World Medical Association: Boxing is a 'very bad idea'
Boxing is a "very bad idea" from a medical standpoint, the World Medical Association has said.
Following the death of 25-year-old boxer Mike Towell, Dr Otmar Kloiber, the WMA's secretary general, said medical studies show boxing is producing or can produce "serious harm".
"It is very clear that the ongoing concussions you get from that damage to the brain all the time alters brain function and can also lead to immediately serious conditions," Dr Kloiber said.
"These can lead to a rupture in the brain or a haematoma in the brain, which then can endanger the life of the sportsperson directly."
Dr Kloiber said there are two main types of injuries with trauma to the head - the first being a knock or hit which results in small bleedings around or in the brain that develop over time.
"That may take hours [to develop]," he said. "What then happens is that the pressure within the skull is building up and compresses the brain down to the brain stem, which finally kills you."
Dr Kloiber said the other problem is the "chronic impact".

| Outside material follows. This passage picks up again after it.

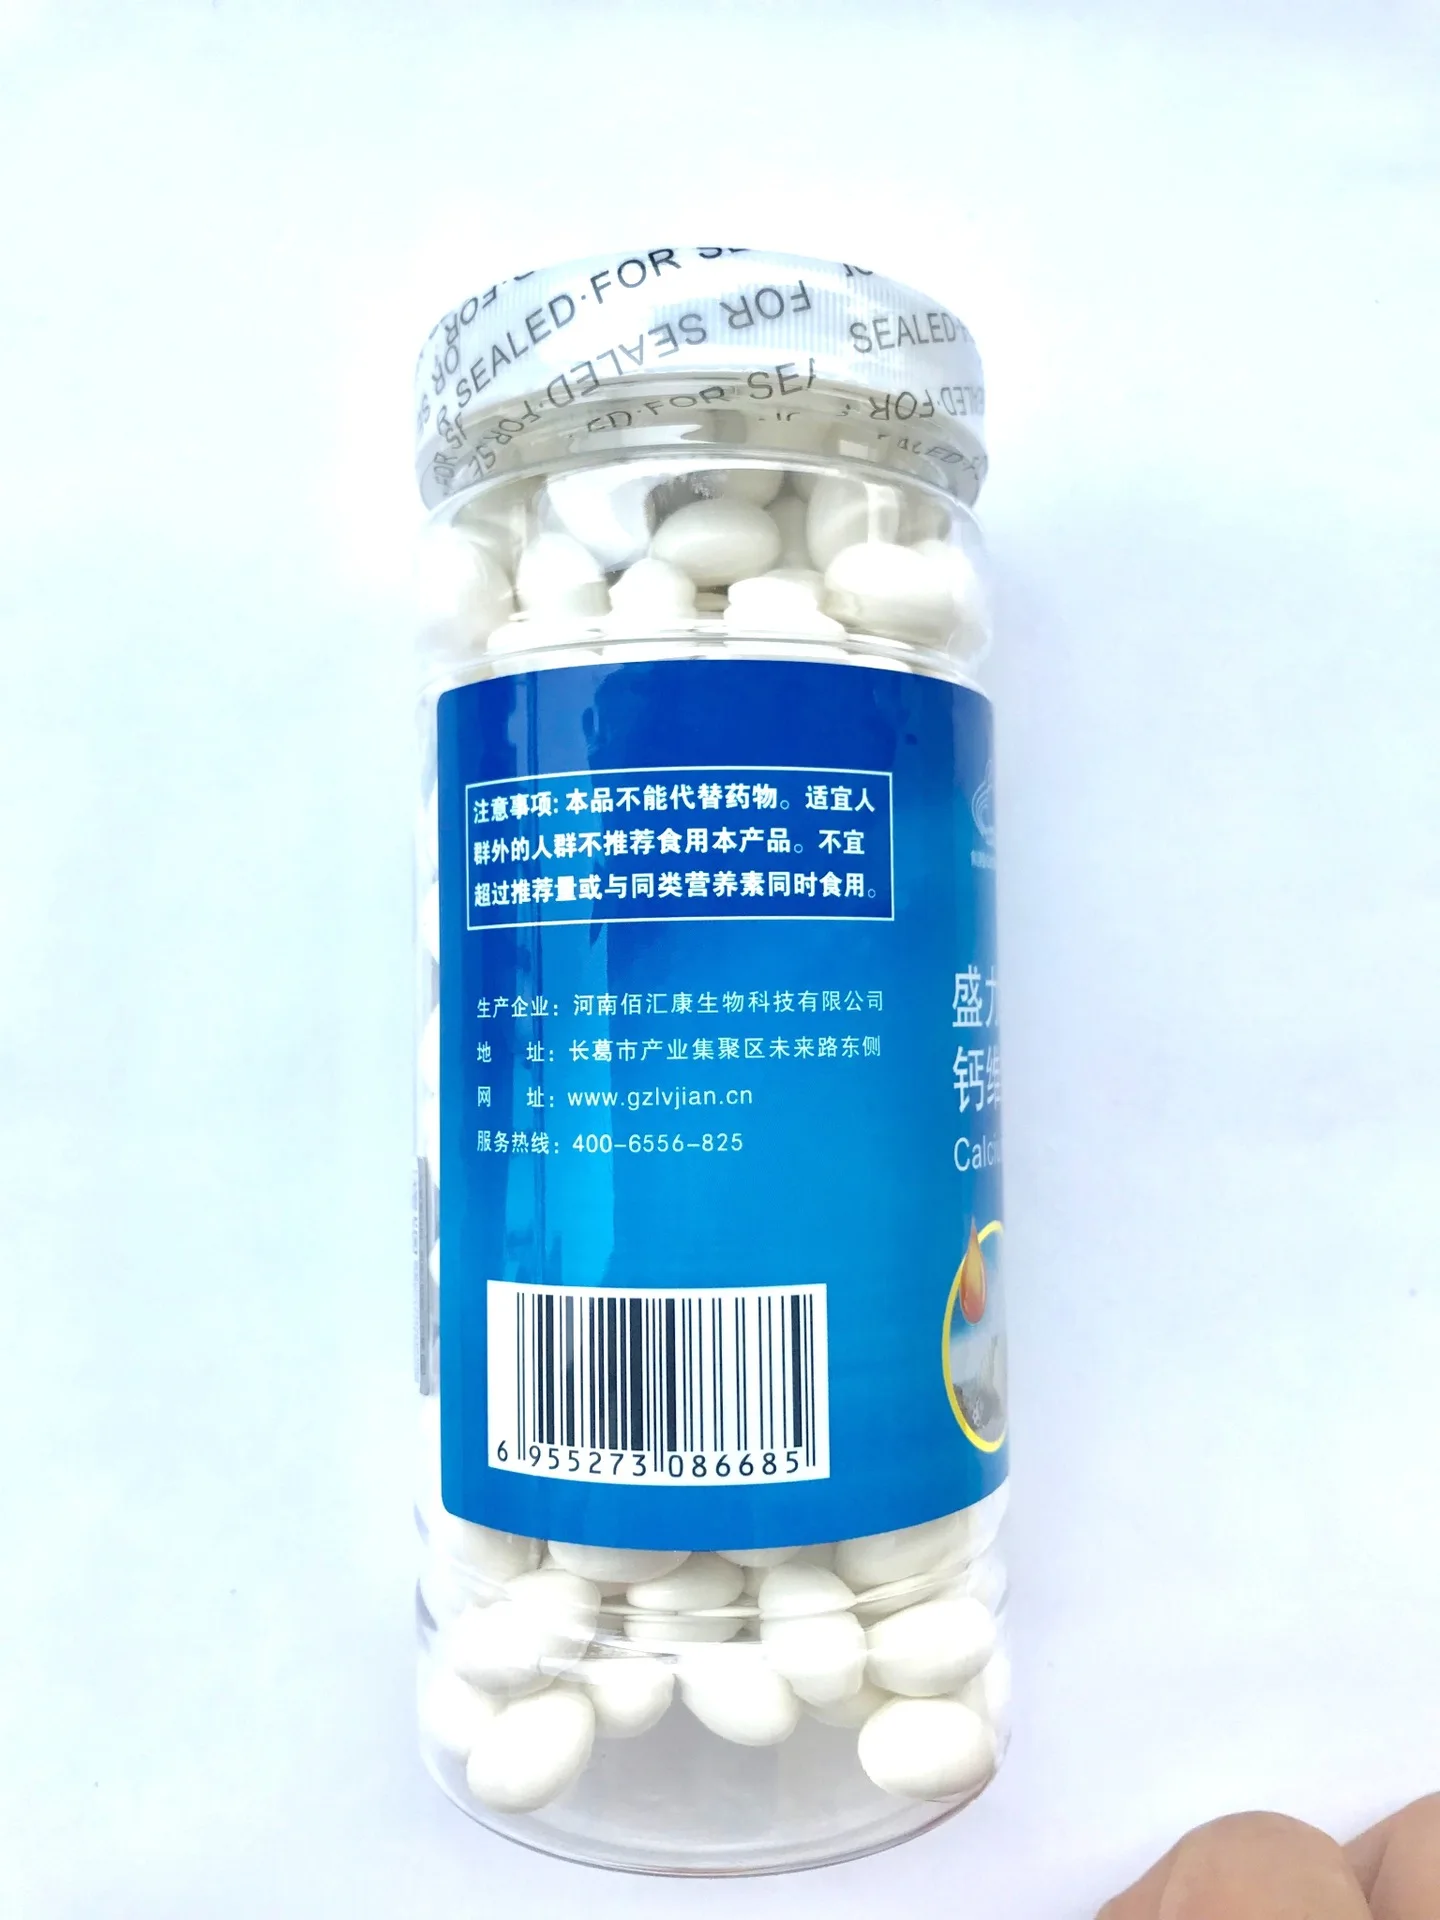 

Shengliyuan Brand Calcium Vitamin D Soft Capsule 300G (1.0G/Granule * 300 Tablets) Calcium Supplement, Quantity Discounts

"If there is no immediate damage the next day or immediately, by hitting your head time after time after time, it has been shown there are alterations in the brain," he said.
"We are more and more aware that this is silently going on and producing damage to the brain."
The WMA, along with the British Medical Association, has for several years called for boxing to be banned on the grounds that it is a "dangerous sport".
Veteran Labour MP Paul Flynn, who joined the shadow cabinet this year, called for blows to the head to be banned through a private member's bill in 1998 and again in 2005 - both of which failed.
The shadow House of Commons leader said although there are many dangers in sports, the "worst example is boxing".
"The whole purpose of the sport is to render the opponent unconscious," he said.